Das primäre Finanzziel von Amazon bleibt jedoch die Maximierung des freien Cashflows pro Amazon-Aktie. Wenn man den Rückgang von 95 % im Jahresvergleich auf 1,232 Mrd. US-Dollar sieht, kann man es kaum glauben. Wichtig zu wissen ist jedoch, dass sich Amazon in einem massiven Investitionszyklus befindet. CEO Andy Jassy bezeichnet dies als „Once-in-a-lifetime“-Chance. Während die Investitionen in Chips und Rechenzentren den Cashflow aktuell belasten, bilden sie das Fundament für hochmargige Umsätze in zwei Jahren. Dieses Ziel klingt nicht unrealistisch, denn durch eigene KI-Chips (Trainium) kann Amazon KI-Inferenz deutlich günstiger anbieten als Wettbewerber, die auf externe GPUs angewiesen sind. Hinzu kommt, dass die Verknüpfung von AWS-Daten mit dem Handelsgeschäft einzigartige KI-Agenten (wie Rufus) ermöglicht, die den gesamten Kaufprozess autonom steuern können.

Natürlich sind auch Risiken vorhanden. Ein kurzfristiges Risiko stellt die Versorgungskette dar. Die Preise für Speicherchips und Hardwarekomponenten sind laut Management sprunghaft gestiegen, was die Infrastrukturkosten erhöht. Ein stetiges und langfristiges Risiko ist die Regulierung: Der kartellrechtliche Druck in den USA und Europa bleibt ein stetiger Unsicherheitsfaktor für die Segmentaufteilung.

Die Bewertung der Amazon-Aktie erscheint fair

Amazon wandelt sich von einem E-Commerce-Unternehmen zu einem Infrastruktur- und KI-Giganten. So steht beispielsweise der kommerzielle Start des Satelliten-Internets mit dem Projekt Kuiper (Amazon Leo) im dritten Quartal 2026 bevor. Verträge mit Apple (für iPhones) und Delta Airlines zeigen das Potenzial als neuer Milliarden-Umsatzbringer. Der Fokus des Managements verschiebt sich von einfachen Chatbots zu „Agents“, die eigenständig Aufgaben wie Software-Migrationen oder komplexe Einkäufe erledigen.

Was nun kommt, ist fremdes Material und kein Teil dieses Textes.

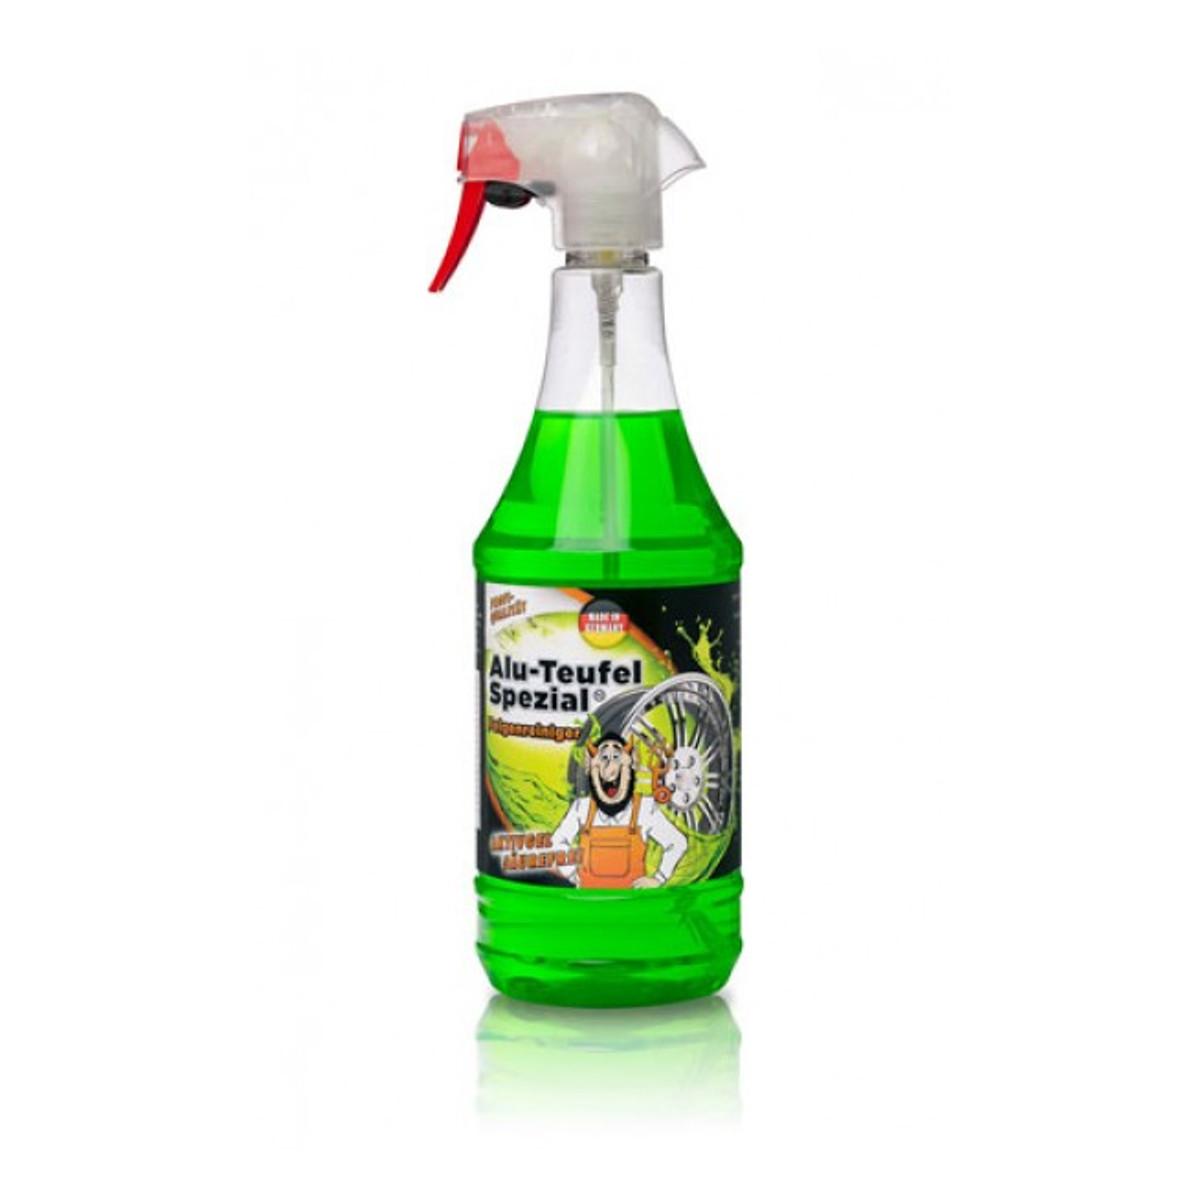 Tuga Chemie Alu-Teufel Spezial Grün

Amazon opfert kurzfristig FCF-Potenzial, um eine dominante Position in der KI-Ära zu erreichen. Durch die Kombination aus eigenem Chip-Design, dem weltweit größten Cloud-Netzwerk und einem Satellitensystem ist das Unternehmen strategisch breiter aufgestellt als je zuvor. Hinzu kommt, dass das Geschäft von Amazon immer profitabler wird. Eine Bewertung über die Metrik Unternehmenswert zu Umsatz ist deshalb nicht mehr so einfach möglich. Besser geeignet ist das KGV, da auch der Free-Cashflow-Faktor durch die hohen Investitionen verschoben ist. Das KGV liegt normalisiert bei 34,6 und damit unter dem Schnitt der letzten fünf Jahre von knapp 50.

Dennoch verlangt ein KGV von 34,6 gemäß der Graham-Wachstumsformel ein jährliches Wachstum von knapp 13 % p. a. Die Anzeichen stehen gut, dass dieses Ziel mittelfristig leicht übertroffen werden kann. Aus diesem Grund ist Amazon aus unserer Sicht aktuell fair bewertet.